* [SOURCE MATERIAL]:
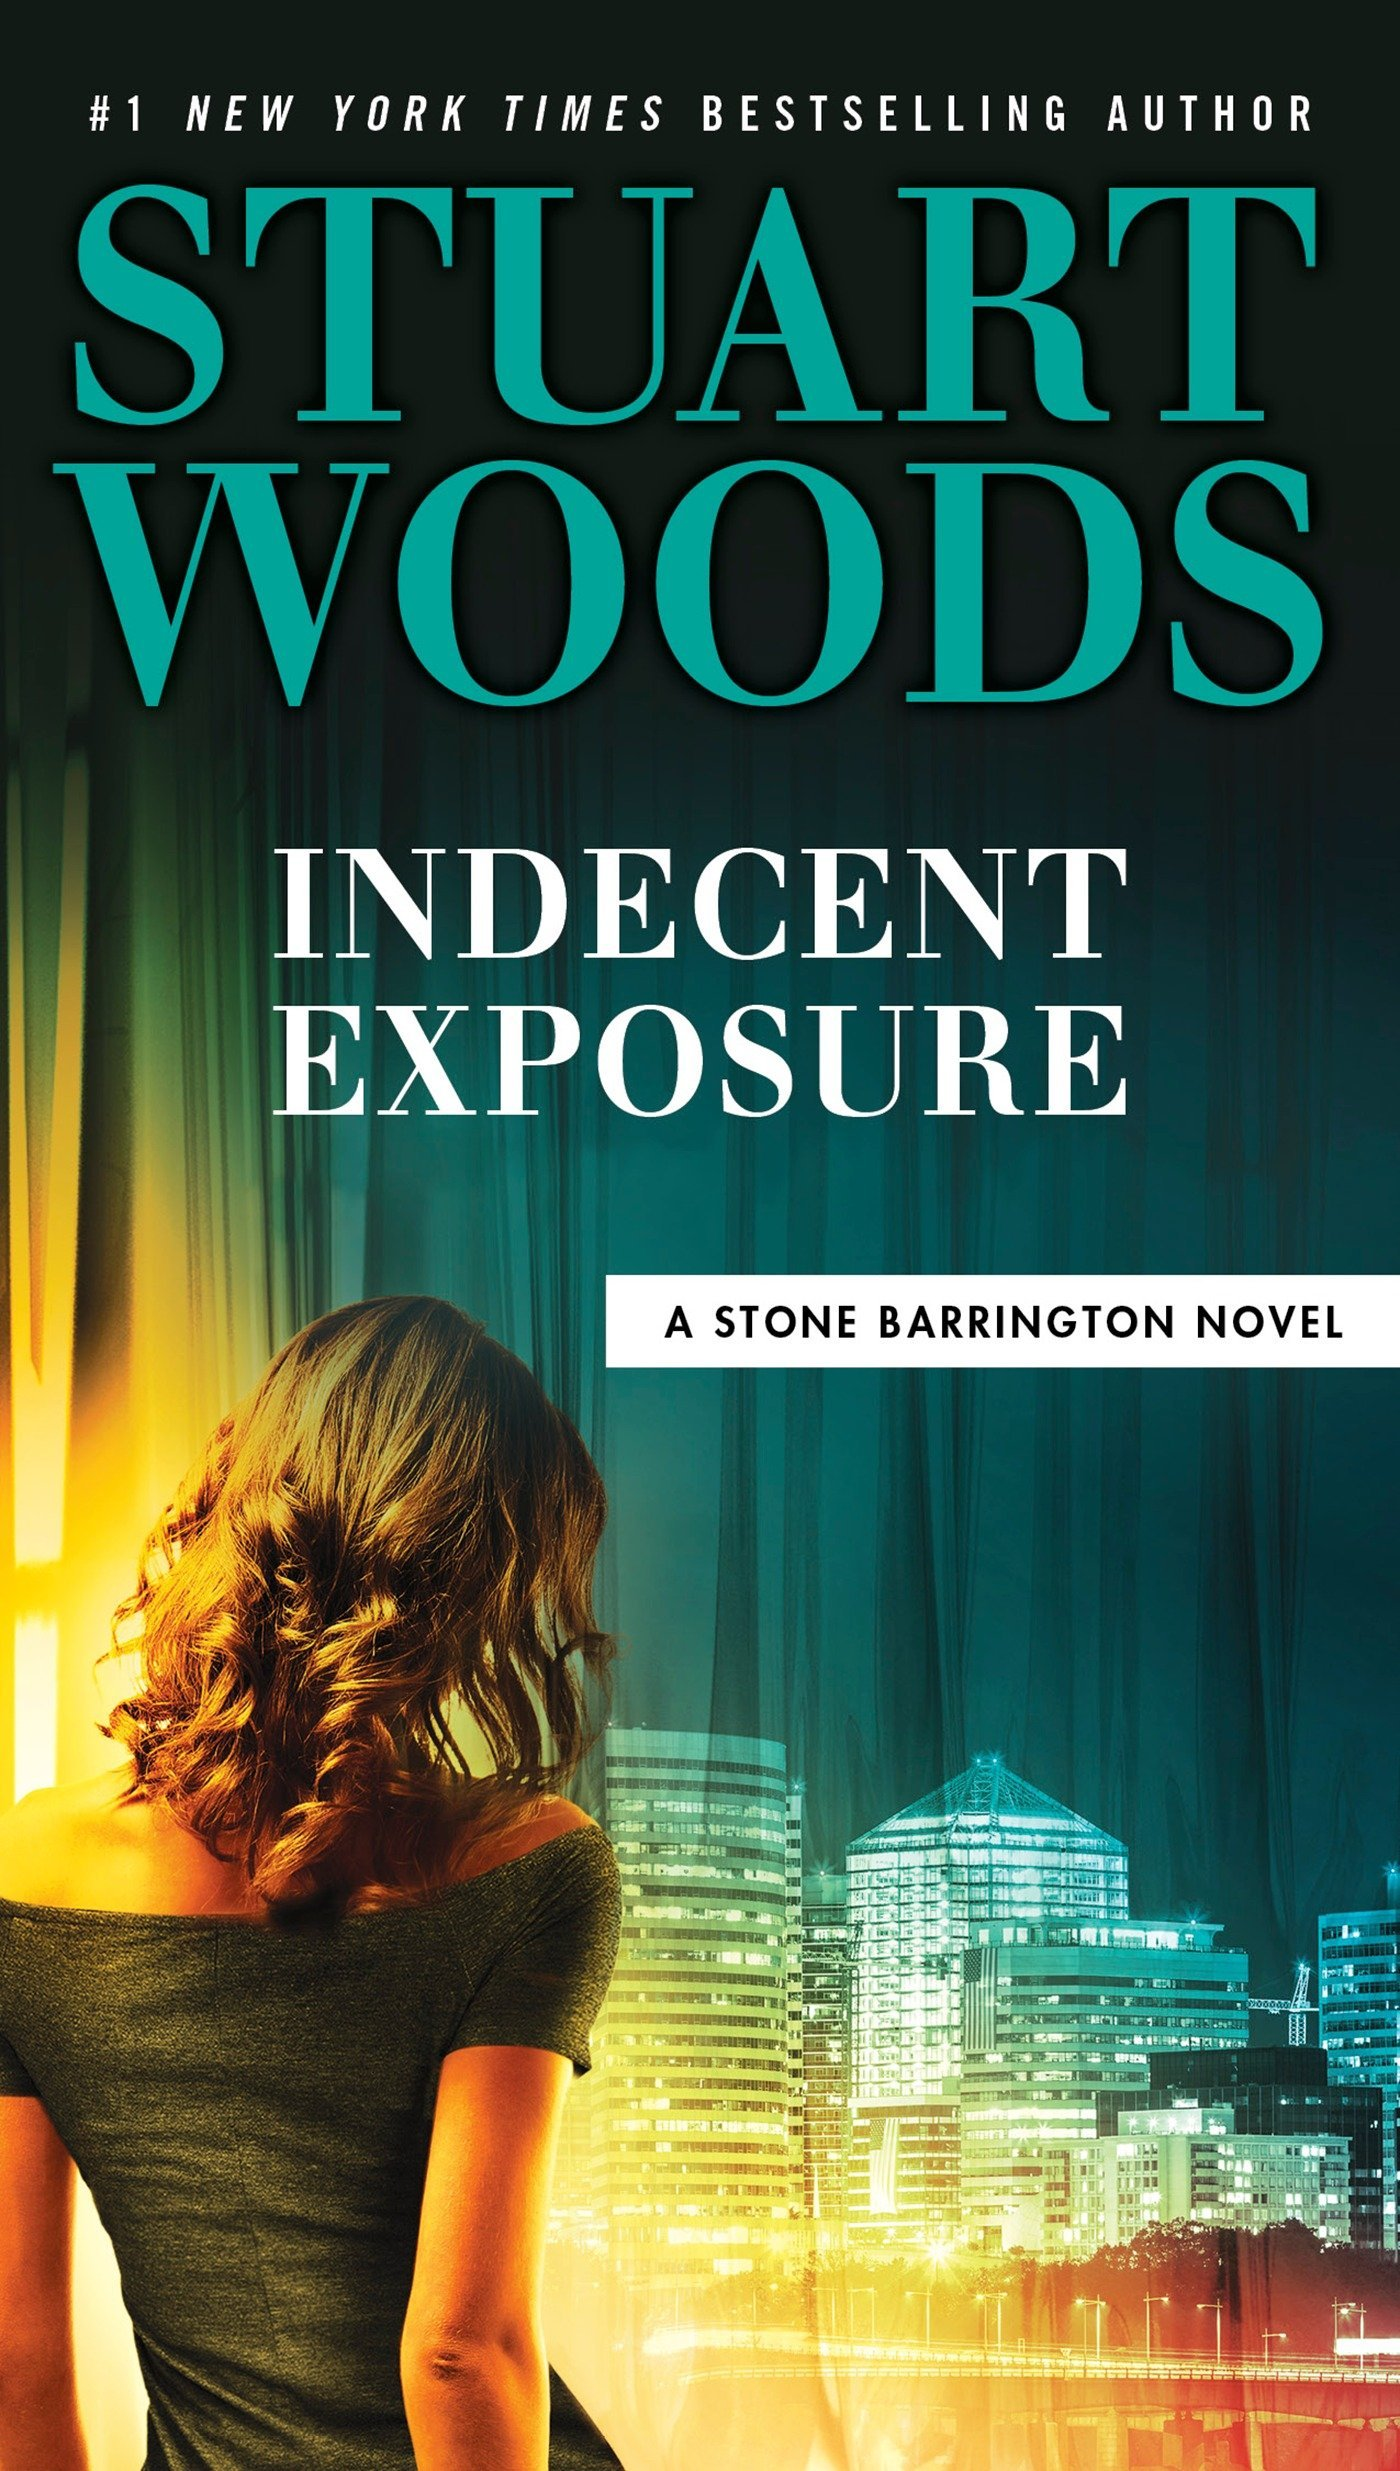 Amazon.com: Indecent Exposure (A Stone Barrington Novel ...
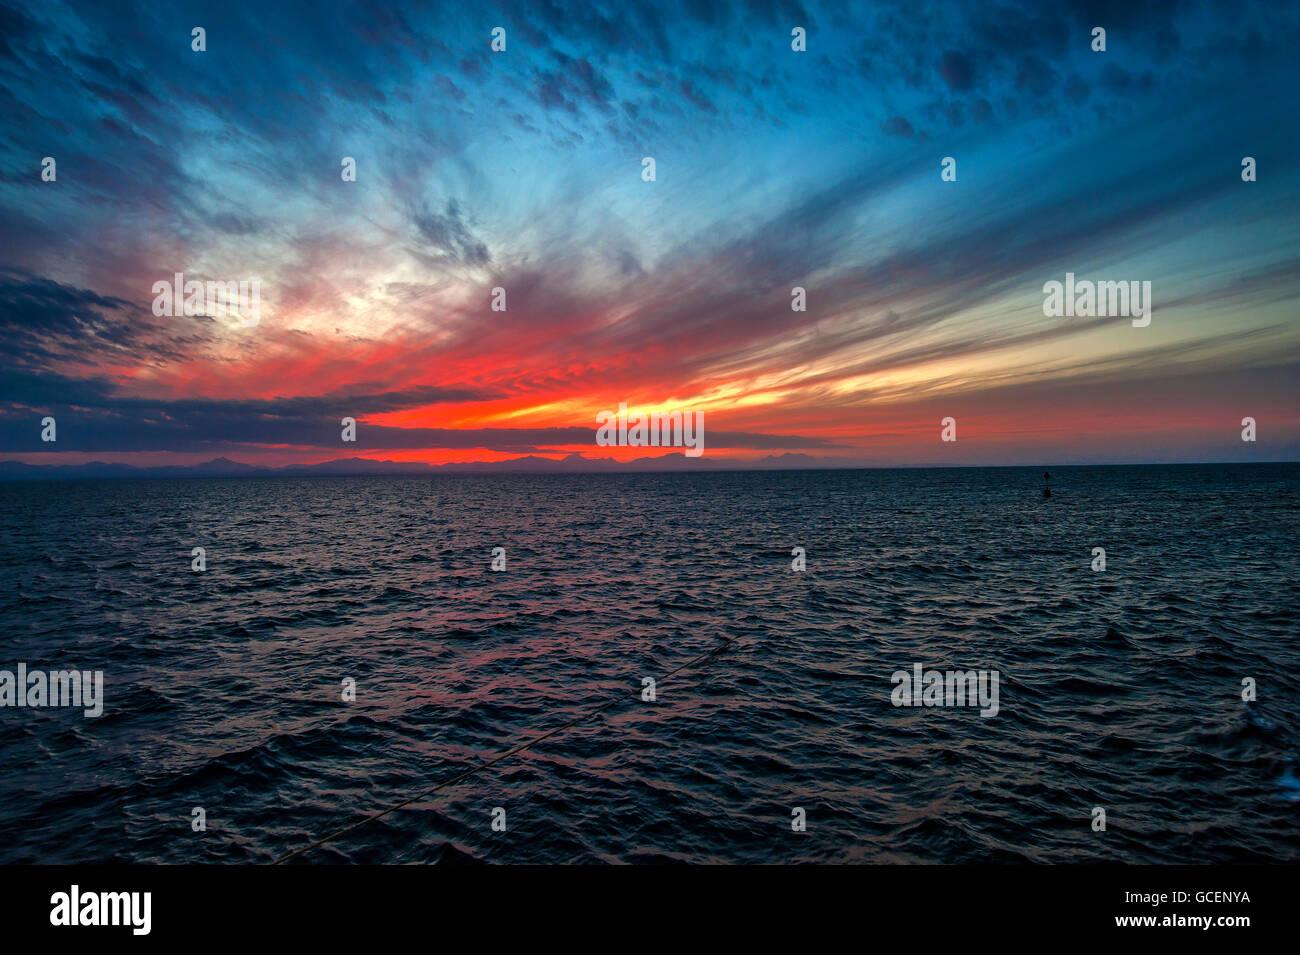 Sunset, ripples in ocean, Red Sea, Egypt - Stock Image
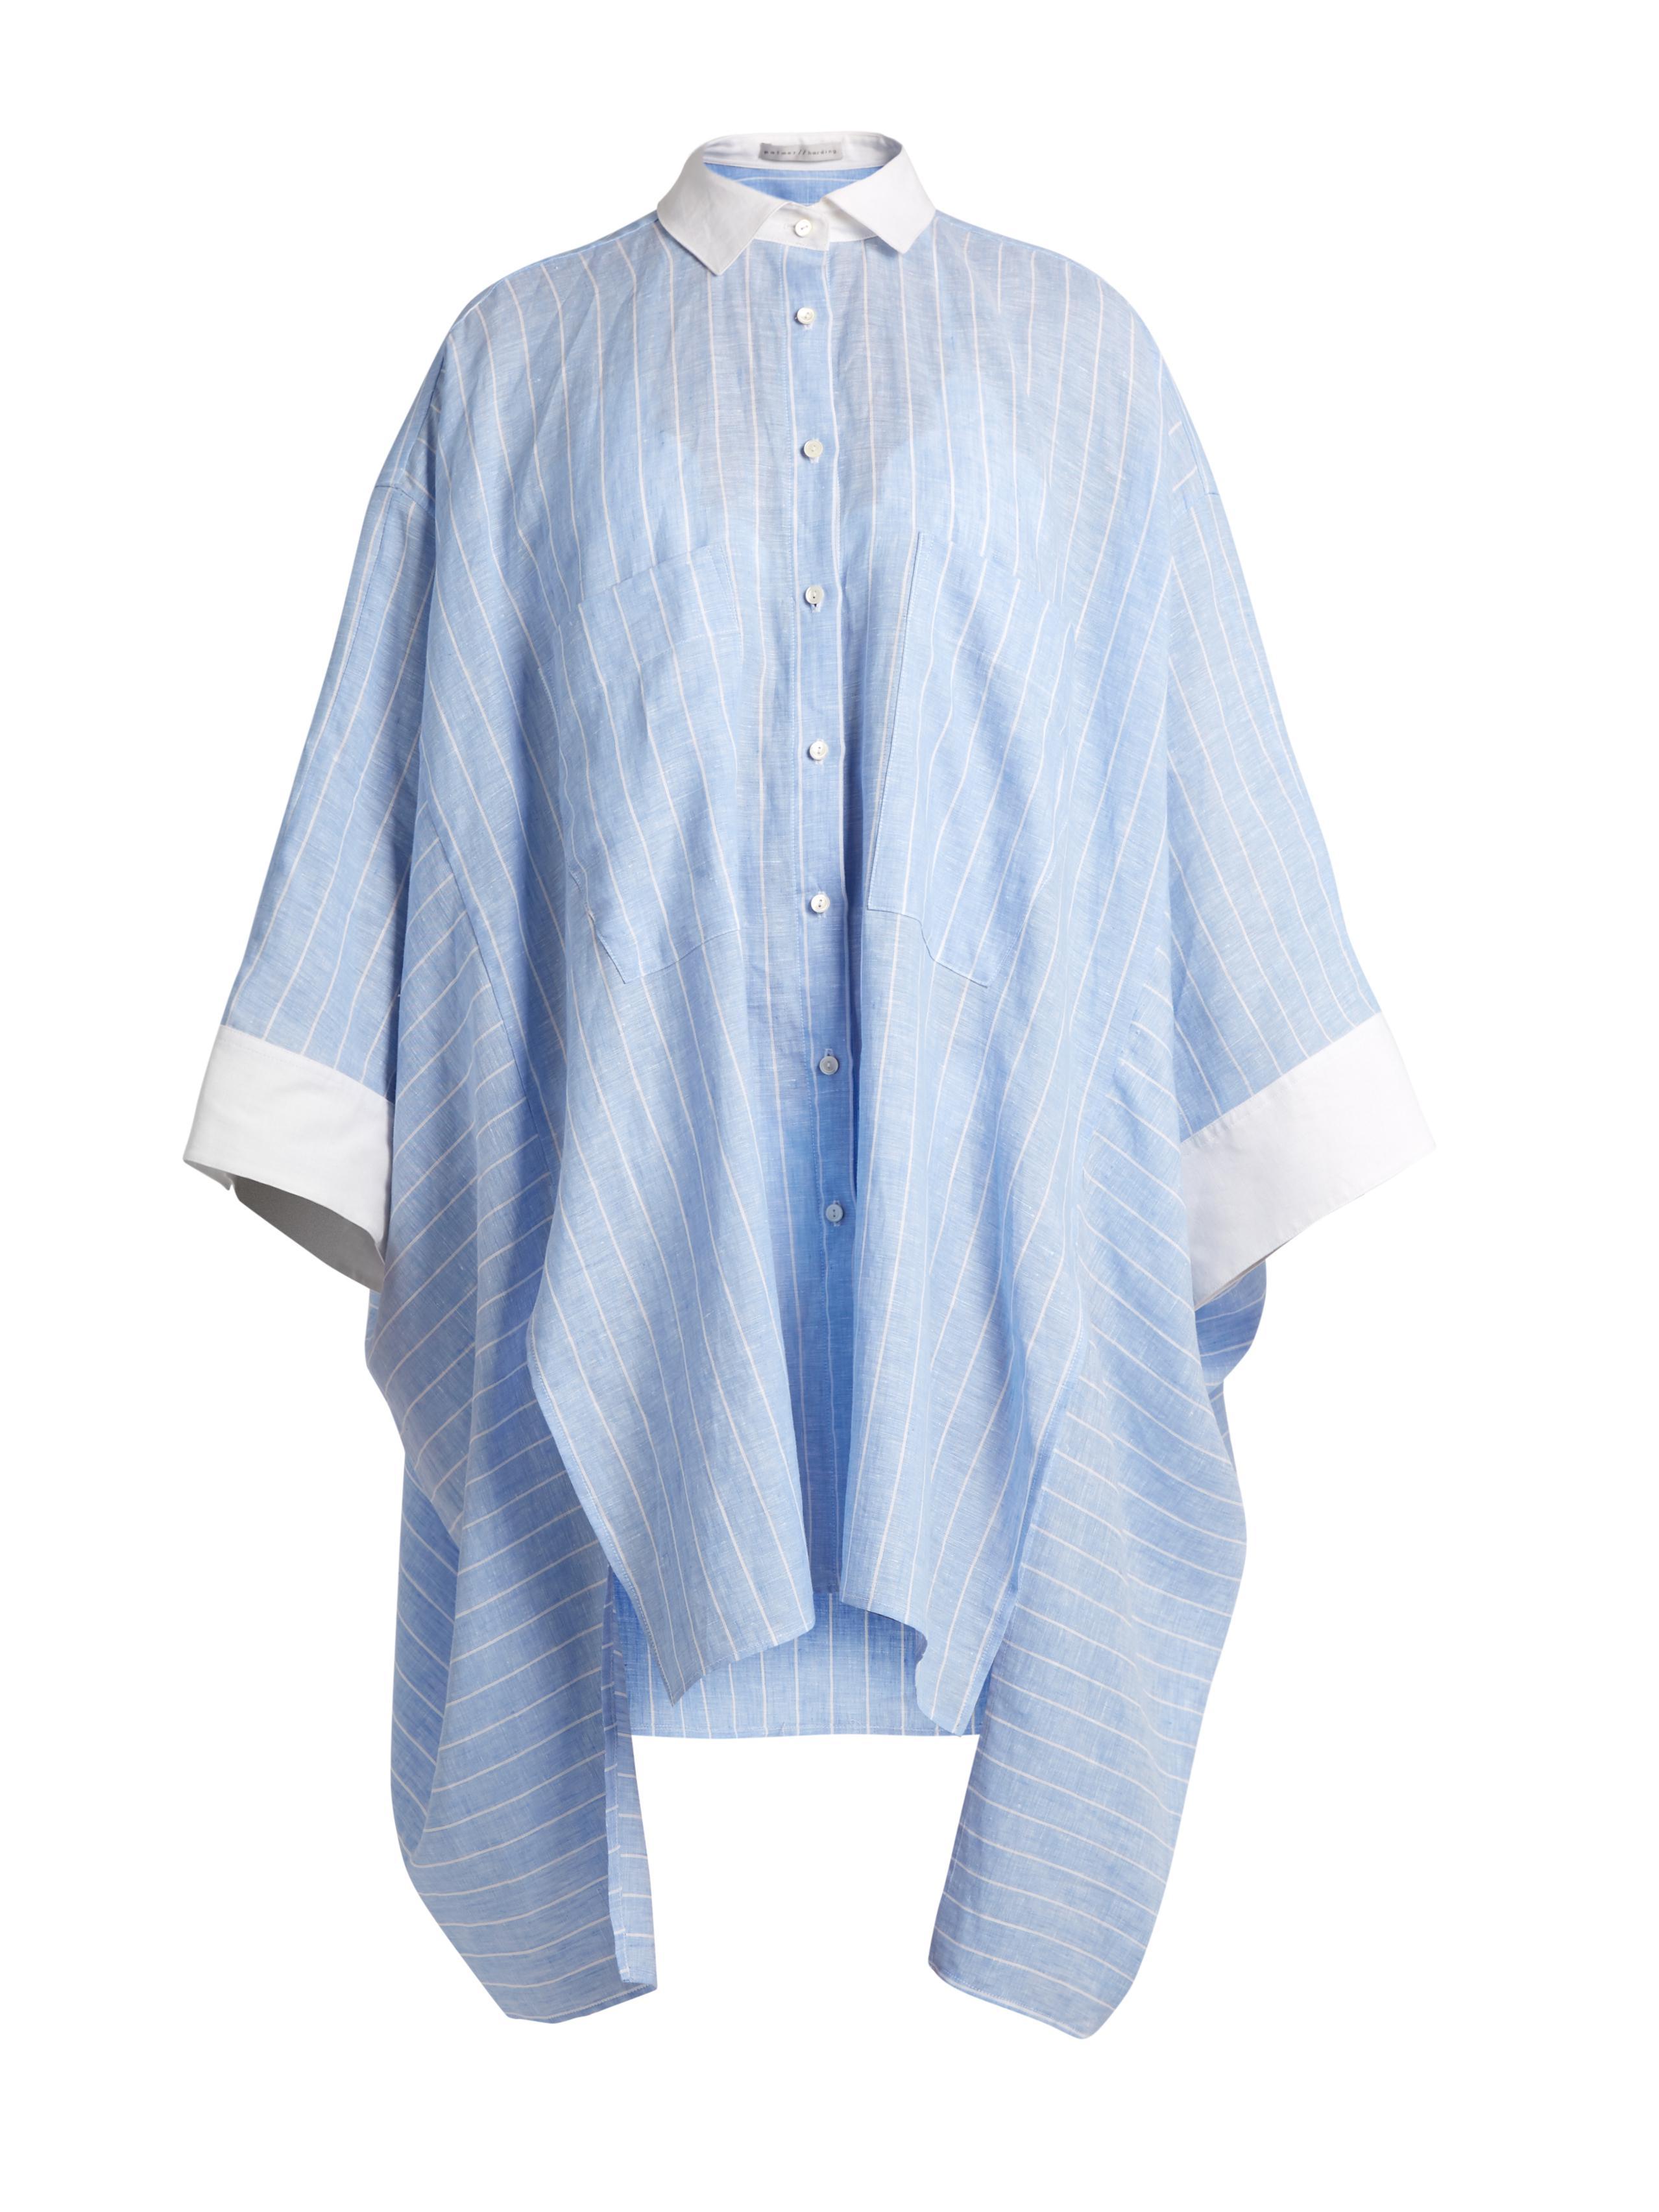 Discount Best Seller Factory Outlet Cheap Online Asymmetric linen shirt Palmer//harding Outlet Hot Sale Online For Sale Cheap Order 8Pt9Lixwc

* [REQUIREMENT]: Without including any picture, set down the listing above exactly as it appears.

* [EXERCISE SOLUTION]:
 Amazon.com: Indecent Exposure (A Stone Barrington Novel ...
 Sunset, ripples in ocean, Red Sea, Egypt - Stock Image
 Discount Best Seller Factory Outlet Cheap Online Asymmetric linen shirt Palmer//harding Outlet Hot Sale Online For Sale Cheap Order 8Pt9Lixwc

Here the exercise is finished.